Optimism v pessimism in 2017: the comedian and the psychologist debate

Liam Williams quit standup fearing his pessimism about the state of the planet was making audiences worryingly apathetic. But is a sunny outlook really any healthier? We sat him down for a session with psychotherapist Philippa Perry

One day last year, Liam Williams locked himself out and tried to climb in through his bedroom window. “I’d done it before very skilfully when drunk,” he says, “but this time I was hungover, so I guess I had that reduced inhibition, but not that derring-do – you know, the reckless optimism of a drunkard.” It didn’t end well. “It was only the first storey but I didn’t have any shoes on and it was quite a high window. I fell and broke my heels.

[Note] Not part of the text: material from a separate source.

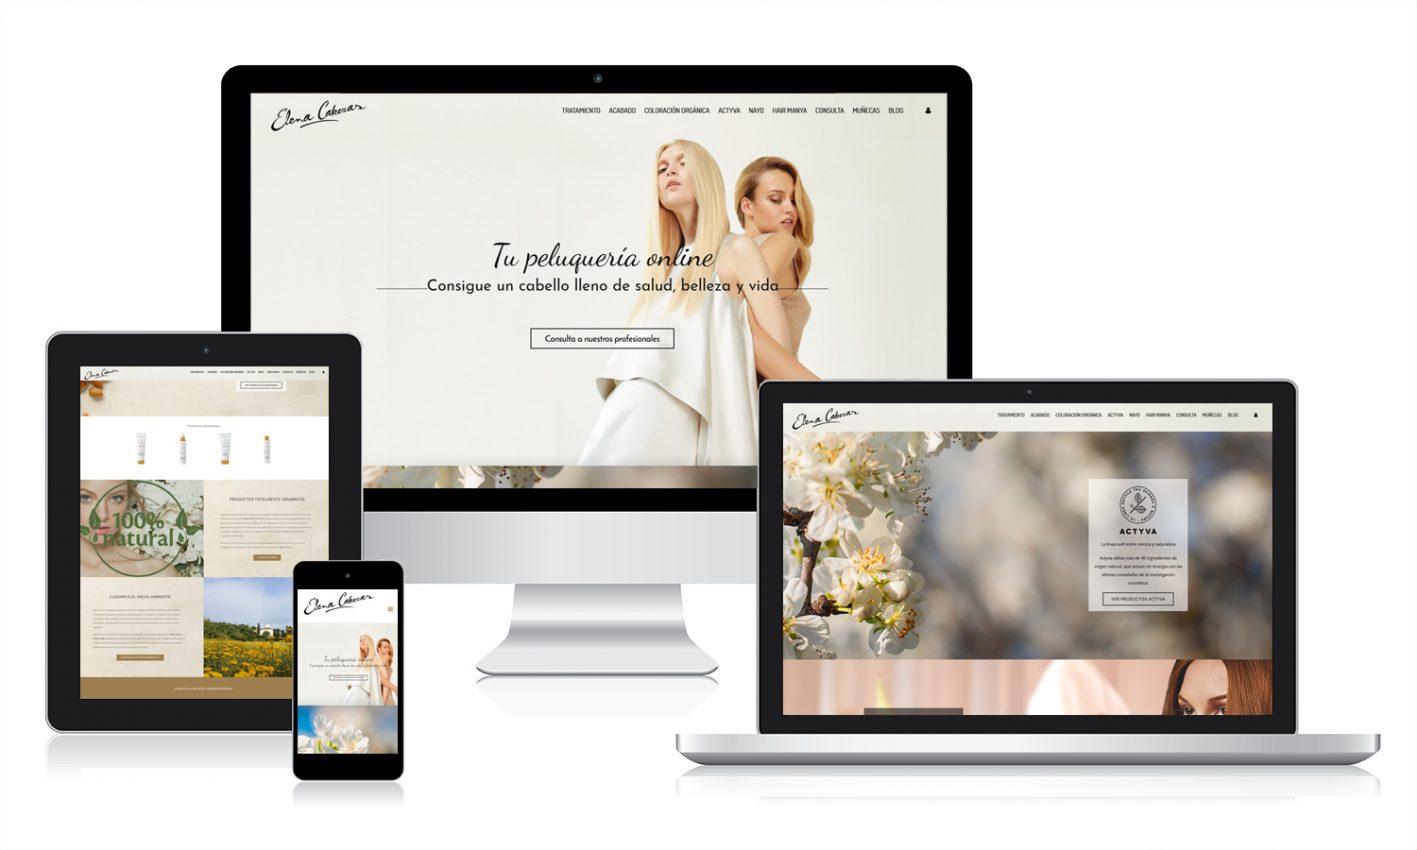 Desarrollo tienda online en Prestashop en Valladolid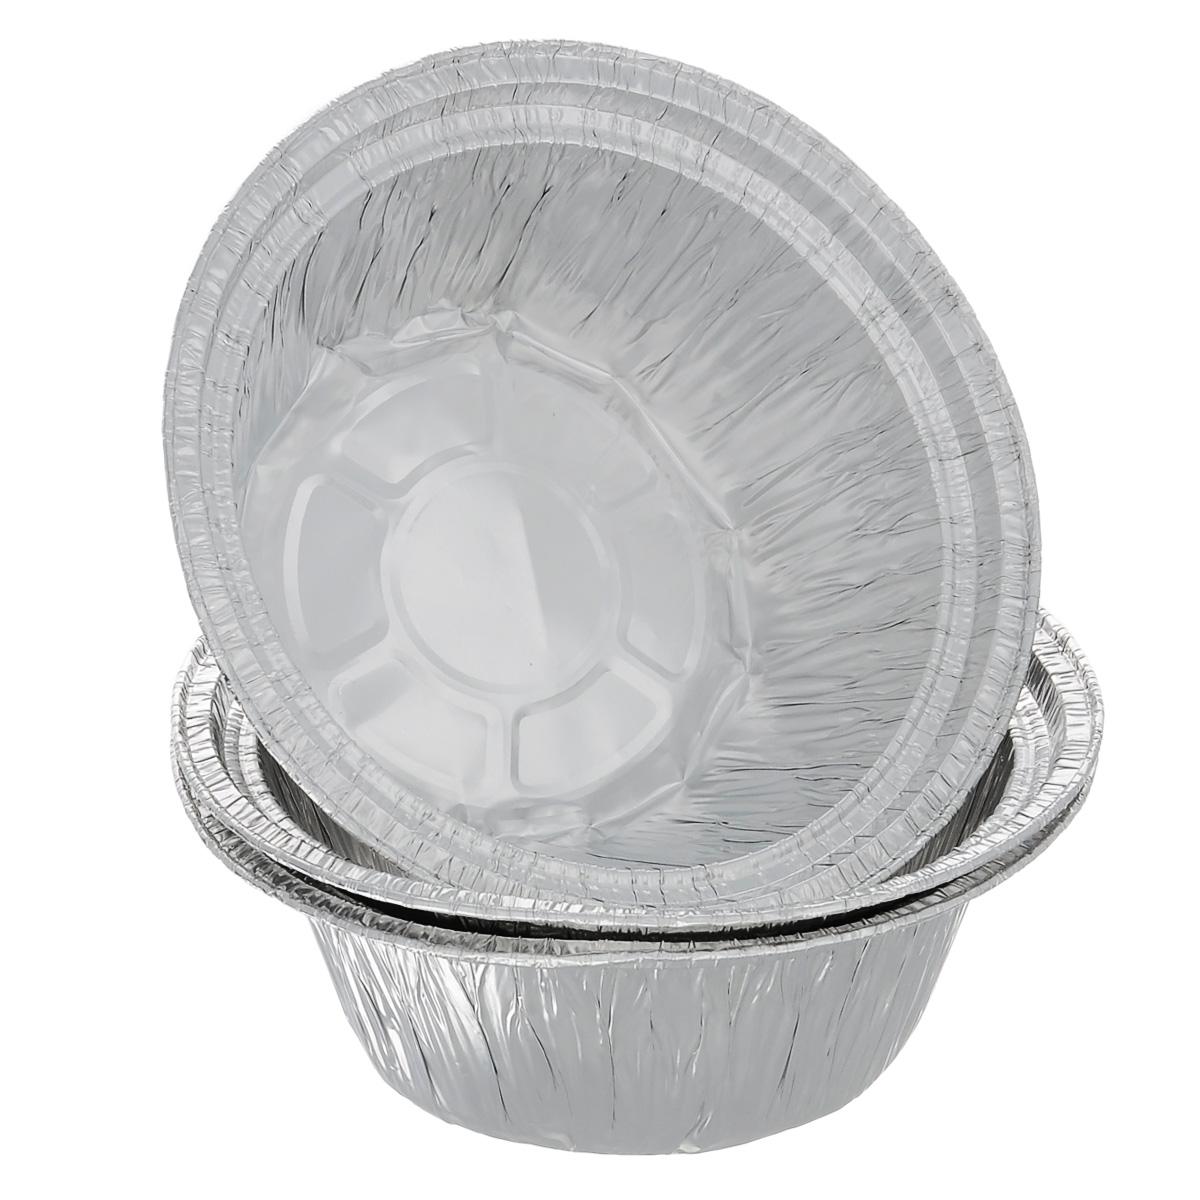 Набор форм для запекания Home Queen, диаметр 18,5 см, 3 шт57224Набор Home Queen, выполненный из алюминиевой фольги идеально подходит для кексов, пирогов. Форма обладает всеми свойствами обычной фольги для запекания: гигиеничная, легкая, прочная, теплопроводная. Также формы можно использовать для запекания, для хранения и заморозки продуктов. Диаметр формы: 18,5 см. Высота формы: 7 см. Количество форм: 3 шт.

It really hurt.”

The comedian is telling this story to psychotherapist Philippa Perry and me as we meet in a London cafe to consider the merits of optimism and pessimism. Is pessimism necessarily bad for you? What health benefits come with being optimistic? Does being optimistic help you in relationships? Does being pessimistic make you pragmatic about a prospective lover’s shortcomings? If you’re as bleakly pessimistic as Eeyore, can you change? If you’re as misguidedly optimistic as Mr Micawber, can you get a firmer grip on reality? More troublingly, what looks like pessimism to one can seem like optimism to another. Consider Williams’s attempted break-in. Perry suggests that his climb was optimistic. Liam worries it was doomed by pessimism. “It comes under the heading of risk-taking,” says Perry. “Optimists are more likely to take risks – they think they can drive into that gap in traffic or climb through windows.” She pauses before adding: “That’s not necessarily a good thing.”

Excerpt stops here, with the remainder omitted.